Stream processing Flashcards
When is a problem a data streaming problem?
When the data is unbounded. That is, when the data is not static and does not have a size property. This includes when a process is generating data continuously, or when the user need to continuously monitor processes.
Unbounded data can only be enumerated/iterated upon when given a snapshot.
Why do we need streaming windows?
To split the stream into batches of data, which allows the data to be processed as if it were bounded.
What types of windows do we get with stream processing?
There are two main types of windows: Streaming windows and Sessions windows.
Steaming windows are static in size or time-length, and are based upon a range and a slide. The relation between the range and the slide affect the type of window.
There are three types of streaming windows:
Sliding window:: Where range > slide. So windows can overlap
Tumbling window: Where range == slide. So the end of a window is the start of a new window (provided it is not the first/last window)
Jumping window: where range < slide. So there can be a timeframe without a window.
Session windows are dynamically sized windows that aggregate batches of (typically) user activity. Session windows end once a session gap (ie a certain amount of time) has passed since the latest activity.
What is the difference between event, processing and ingestion time?
Event time is the time at which an event has occurred.
Processing time is the time at which an event is observed in the system.
Ingestion time is the time at which an event is processed by the system.
What is the difference between micro batching and stream processing?
Micro-batching aggregates data in batches, and processes a batch in one go.
Stream processing processes events one by one as they arrive.
Stream processing can emulator micro-batching by using delayed triggers.
(So, Micro-batching aggregates data before processing it, while stream processing processes each event individually as they come in)
What is the problem with state in streaming systems?
Streaming systems only contain state modifications.

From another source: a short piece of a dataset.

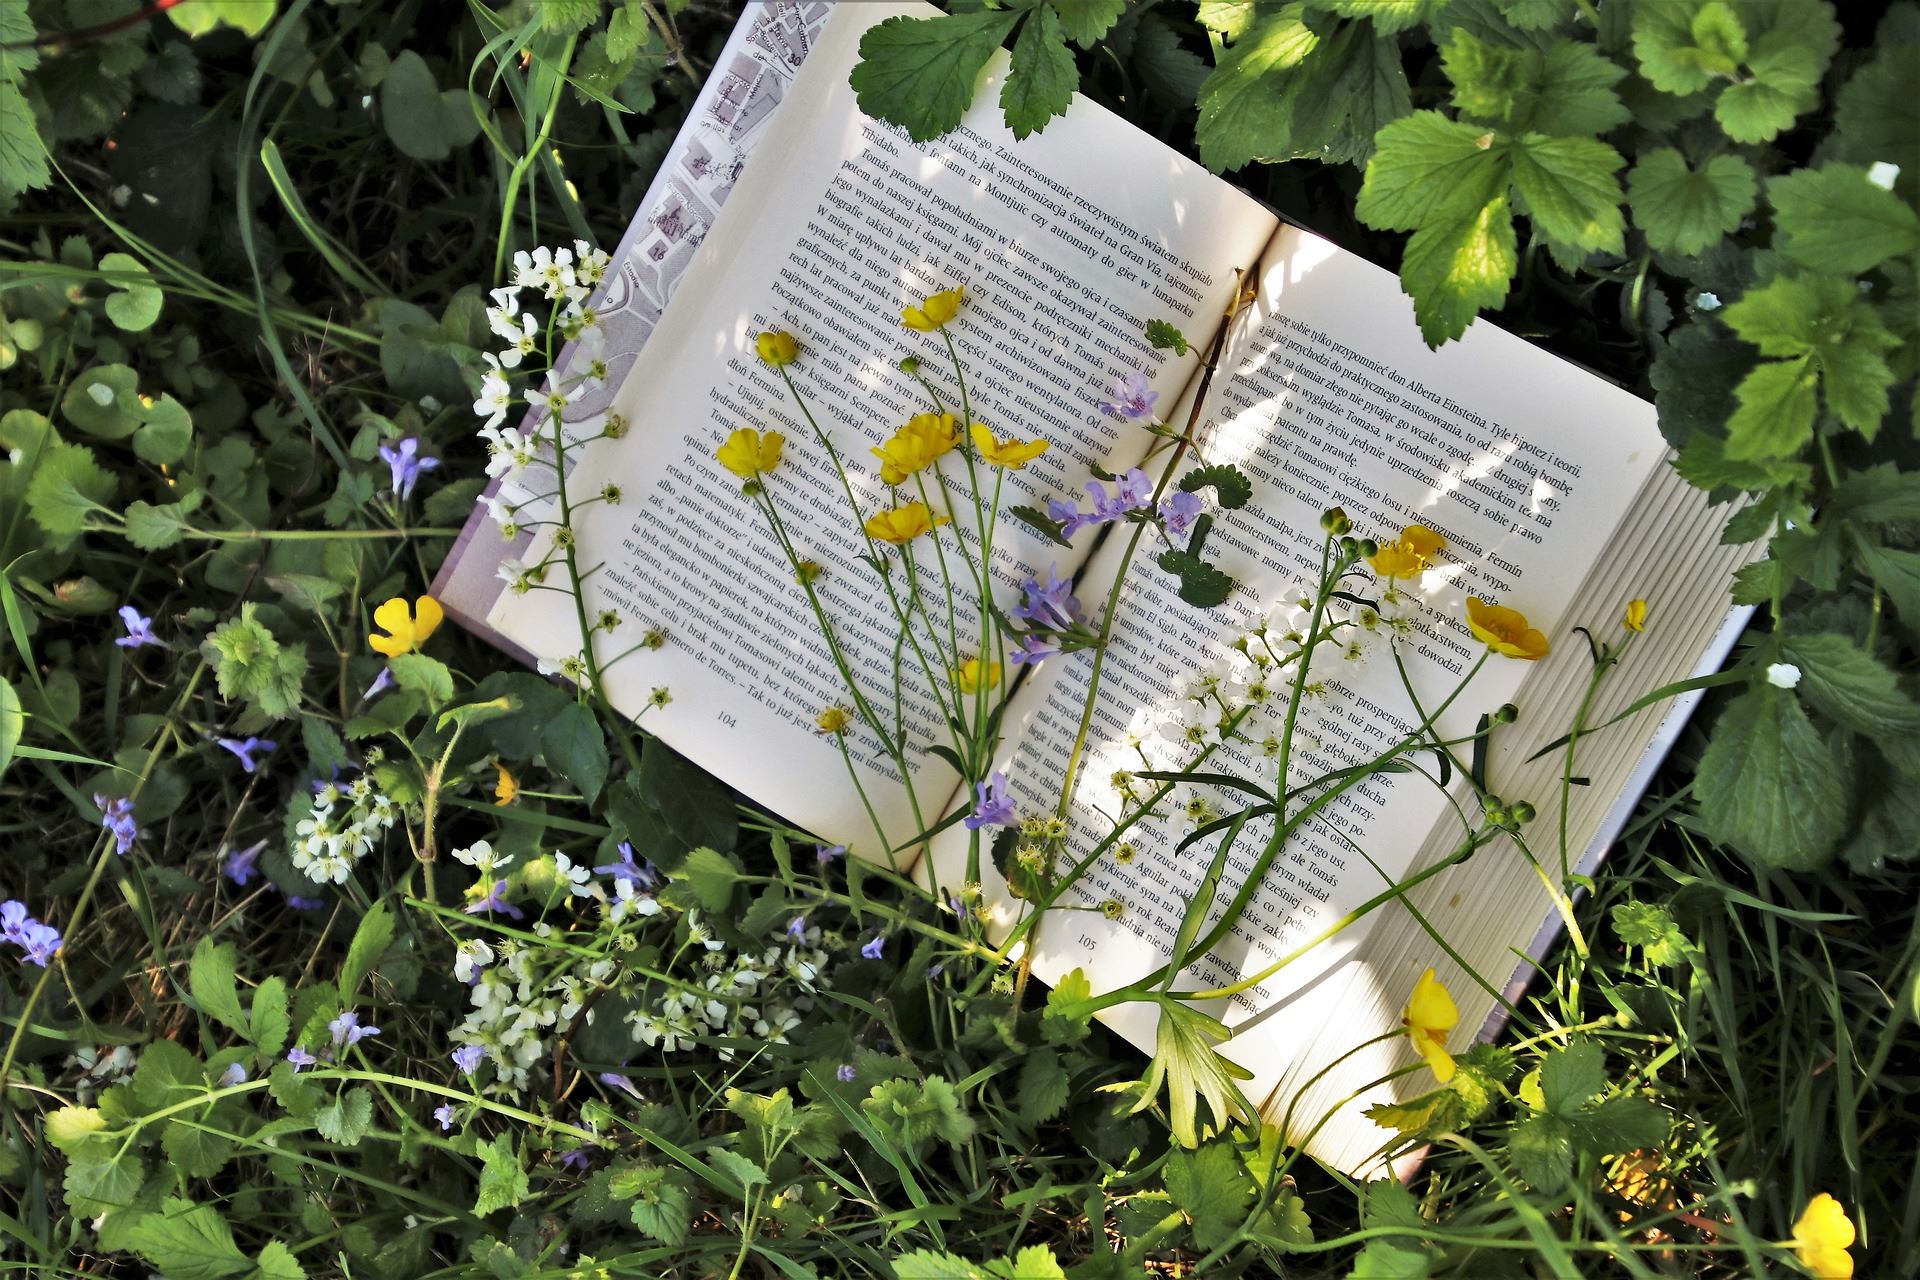 Book in a field of flowers to represent Educational resources

This means that they do not inherently contain a state, and is instead managed ‘externally’, making it unreliable to use for application logic.
How can we disseminate (= distribute) events from producers to consumers?
To just move the data from producers to consumers, Messaging systems are used.
There are three main types of messaging systems:
Direct messaging systems (DMS): use simple network communication to broadcast messages. They are fast, but can easily lead to data loss, which must be dealt with by producers and consumers.
Message brokers, or queues: Centralized systems that sit between producers and consumers to deal with the complexities of reliably message delivery. A producer can send messages in two different modes:
Fire and forget: The consumer, or broker, immediately acknowledges (acks) the message
Transaction-based: The broker writes the message to disk before acting it
Log-based messaging systems: Producers append to a log, which a consumer can connect to and pull messages from. This log is distributed on a cluster of machines
What are the messaging patterns used by Publish/Subscribe messaging systems?
There are three types of messaging patterns:
Competing workers: Multiple consumers read from a single queue, competing for incoming messages.
Fan out: Each consumer has its own queue, and the incoming message is replicated on all queue
Message routing: Each message is assigned its own key. The consumer creates topic queue by specifying the keys it wants to receive.
How do we take consistent snapshots?
To take consistent, global snapshots, the Chandy-Lamport algorithm can be used. This models a distributed system as as a graph of processes.
To ensure global consistency in the snapshots, epoch markers are interleaved with messages. This structure is used to make operators wait for the same epoch marker from all channels before taking a snapshot.
Another method of ensuring global consistency is by having support for (one of) the guarantees of the streaming systems. There are three possible guarantees offered by streaming system:
At most once: An event will be processed once, if delivered at all
At least once: An event might flow through a system twice, in case of failure
Exactly once: An event only flows through a set of operators exactly once. This is a combination of At most once and At least once.